The new method should be called moveTo(), and your new implementation of seek() should include the following lines of code:
for (int y = 0; y < getGame().getGridSize(); y++) {
for (int cx = 0; cx < getGame().getGridSize(); cx++) {
// cx: counts the number of times I have moved on row y
int x = (moveRight ? cx : getGame().getGridSize() - cx - 1);
moveTo(x,y);
Note that a v1.2 Seeker can use her moveTo() method to move to any position on the grid. Accordingly, your implementation of moveTo() should increase distanceMoved by the number of steps a seeker must take to get to a new square on the grid; and if the seeker is already at this new position, then she shouldn’t report it. You need not check for illegal (out of range) positions on the grid; we’ll discuss such issues in the code quality theme
of the course.
You’ll need a distance() function; to keep things simple you might be tempted to copy a private distance() method you’ll find in the current implementation of the Hider, but to keep the code “simple” (and to receive full marks) you should shift the Hider’s distance() method into the Player class so that the Seeker can use it too, and so you’re not duplicating code.
The process of “cleaning up code” by “pulling a method up to its superclass” (as you have done with distance() in this question), by “extracting” lines of code into a new method (as you have done with moveTo()), or by any other method, is called re-factoring. Recognising a situation where a re-factoring would be helpful is a very important skill in programming, but it’s quite an advanced skill – and I won’t be covering the full range of refactoring operations in this course! However you should look at the submenu under Refactor in the Java perspective of Eclipse, to get a sense of the variety of refactoring operations that are important enough and which are simple enough – to be partly-automated by Eclipse.

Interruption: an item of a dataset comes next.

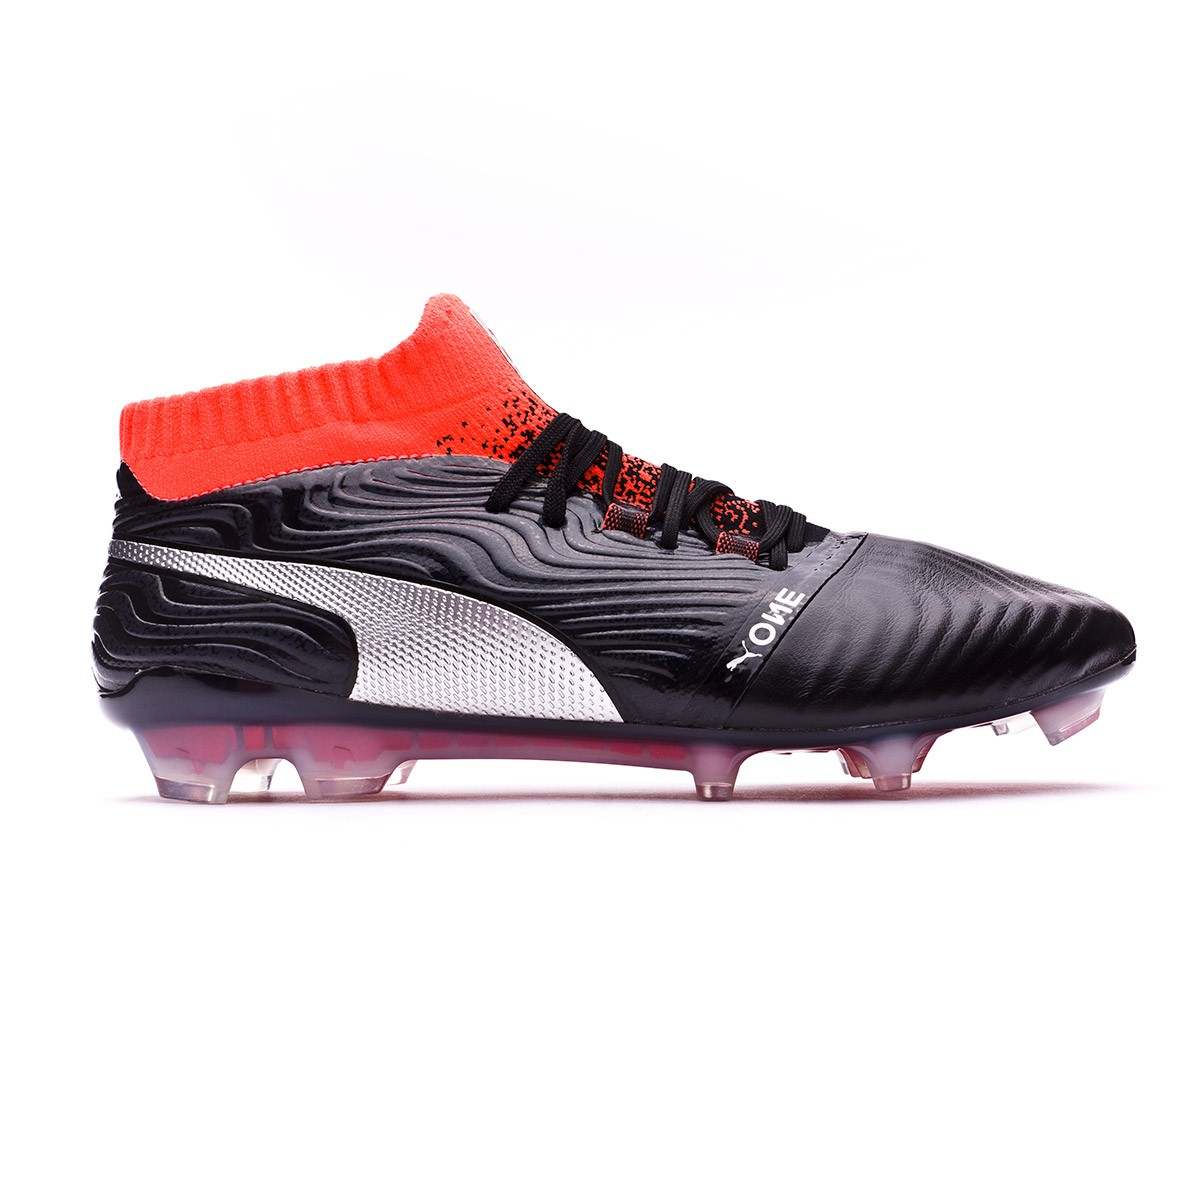 Boot Puma One 18.1 FG Puma Black-Puma Silver-Red Blast - Football ... d02e6df8568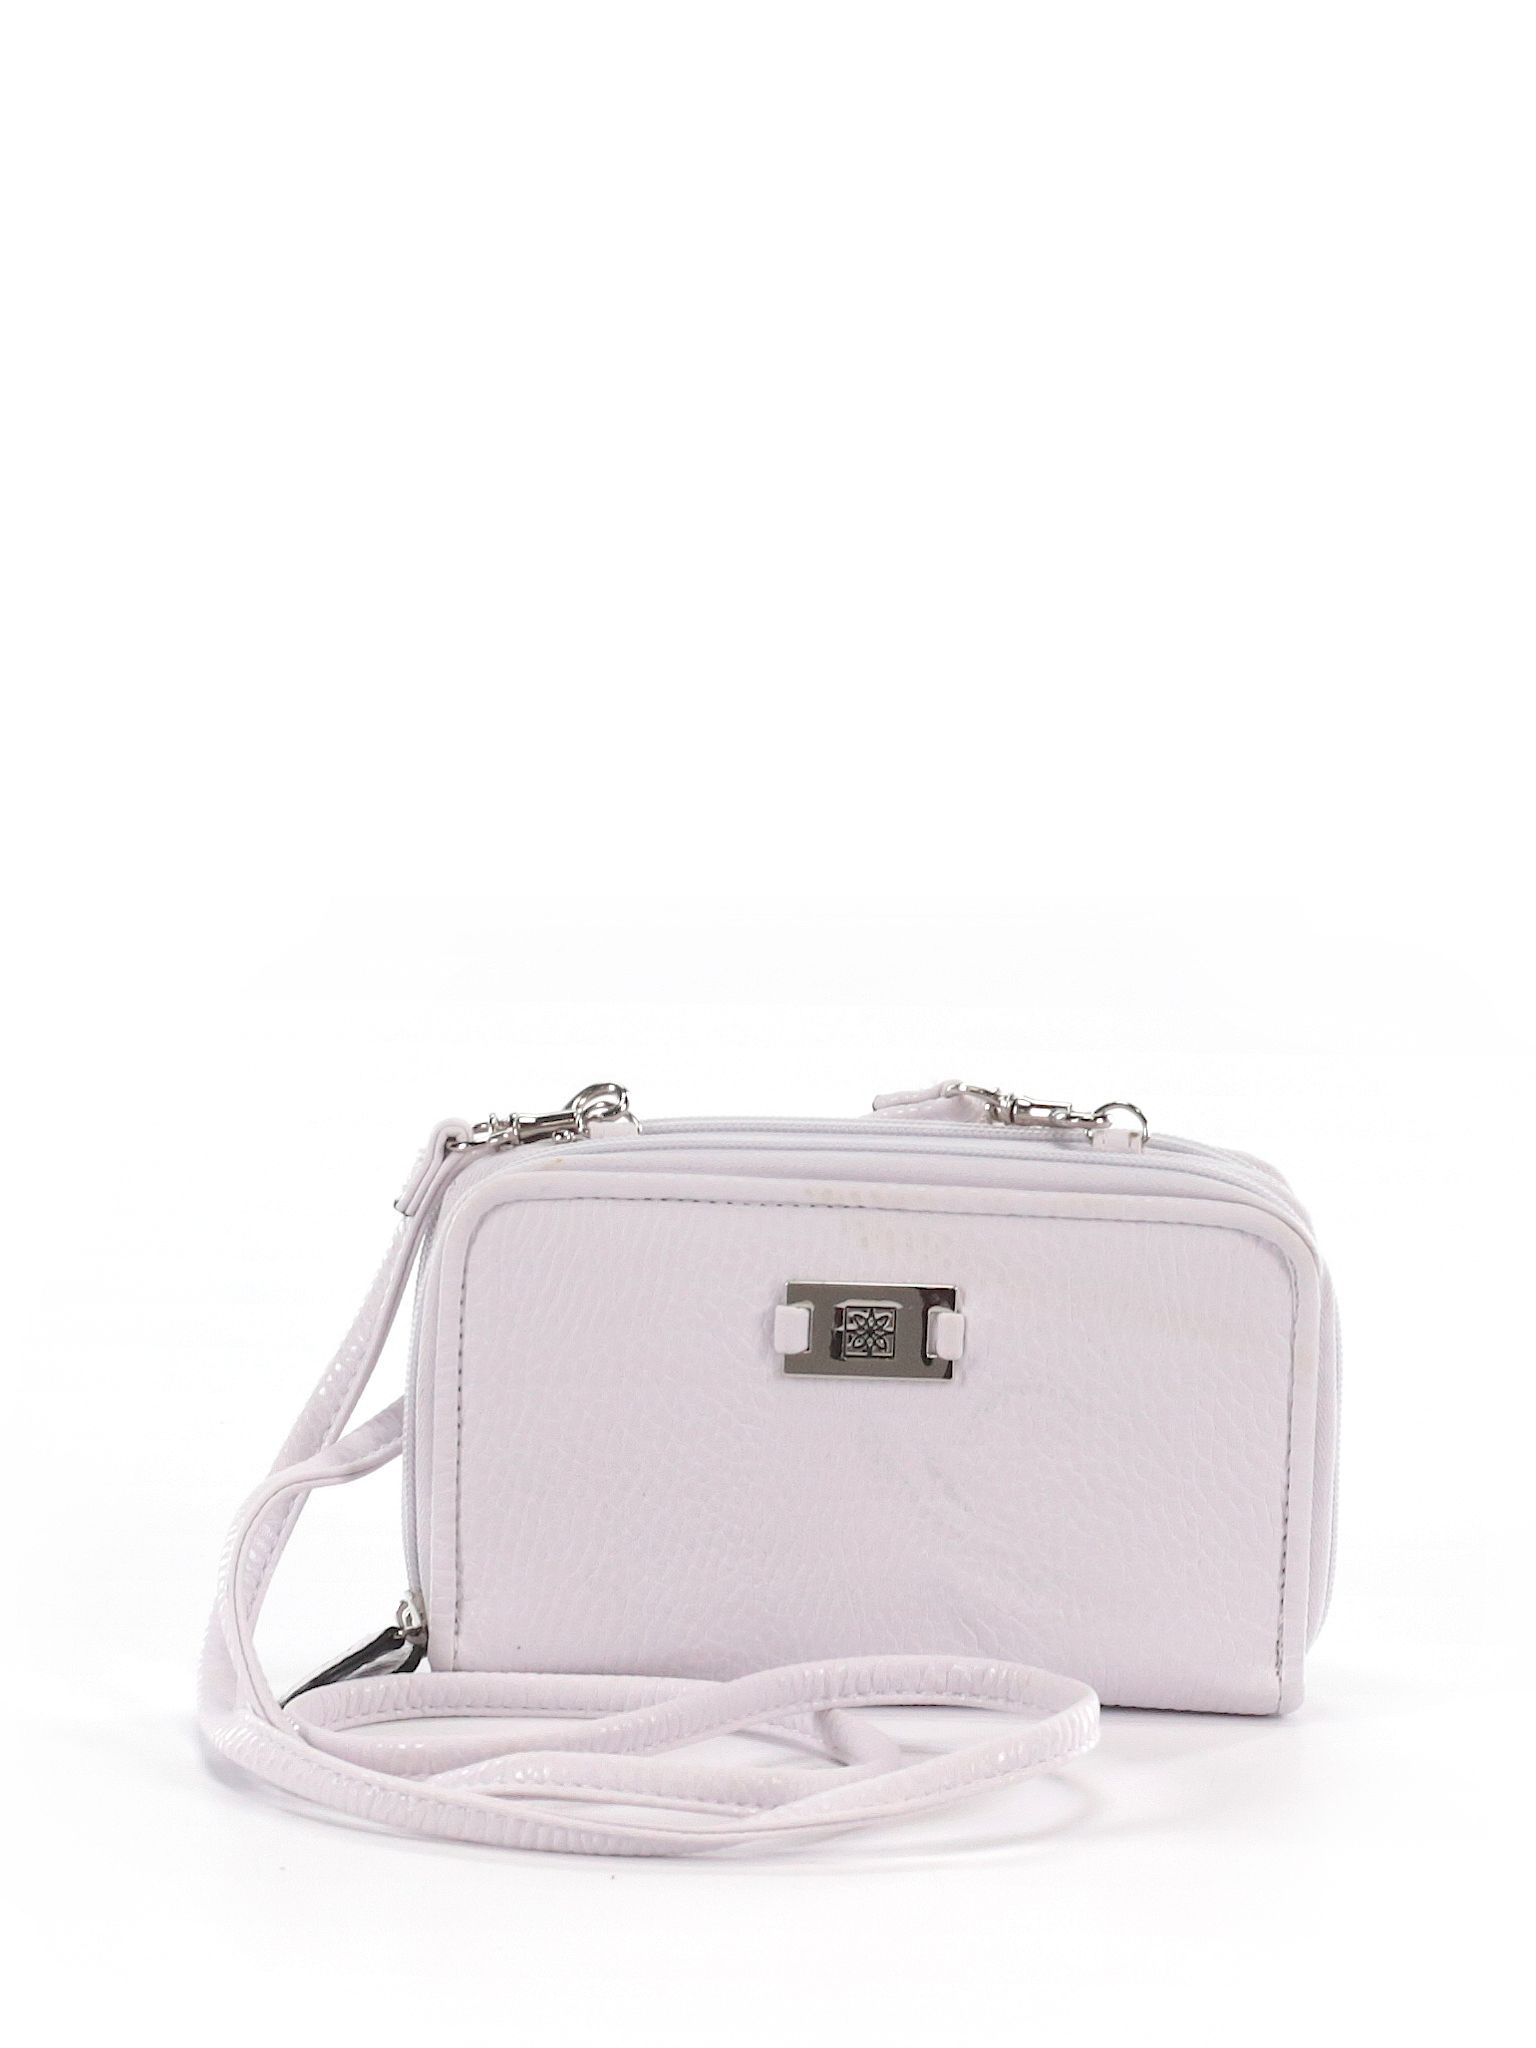 2f7a52c8d Unbranded Handbags Crossbody Bag: Size NA White Women's Bags - $27.99

I do not encourage you to use the refactoring
support that is available in Eclipse until you are able to refactor without its support, but I hope you can see (after completing this question) that it’d be pretty easy to introduce a bug into a program when you’re refactoring it, and that there’s a lot of repetitive work to be done when you’re refactoring code, so gaining fluency with an IDE’s refactoring support is a very important skill for a “production programmer”!
Submit: a listing of your revised Seeker class (so that your marker can assess your revisions to seek() and your implementation of moveTo()).
Figure 2. Class diagram for V1.3 of HuckleBuckle.
For assessment:
Produce Version 1.3 of the HuckleBuckle codebase. In this version, main() should read its arguments, instantiate a hider named Harry and a seeker named Sally, then invoke Harry’s pleasePlayWith() method (so that Harry will play zero or more games with Sally). Harry’s pleasePlayWith() method should be implemented with code which causes him to invoke Sally’s pleasePlayWith() method – this causes Sally to play a single game of HuckleBuckle. Note that Sally’s pleasePlayWith() method is essentially the same as her seek() method in earlier versions, but its references to the current game must be adjusted. Sally will eventually find the hidden object, and Harry will “notice” this event when he receives a (void) result from his call to s.pleasePlayWith(this, new Game(gridSize)). Harry’s pleasePlayWith() method should then decrement his nGames counter, and (depending on whether or not the counter has reached 0) this method should either exit or ask Sally to play another game (after Harry “hides” another object).
Submit:
listings of all classes in hbbv1.3,
a sample of its output (for commandline arguments 5 2), and
a jarfile containing your source code for hbbv1.3.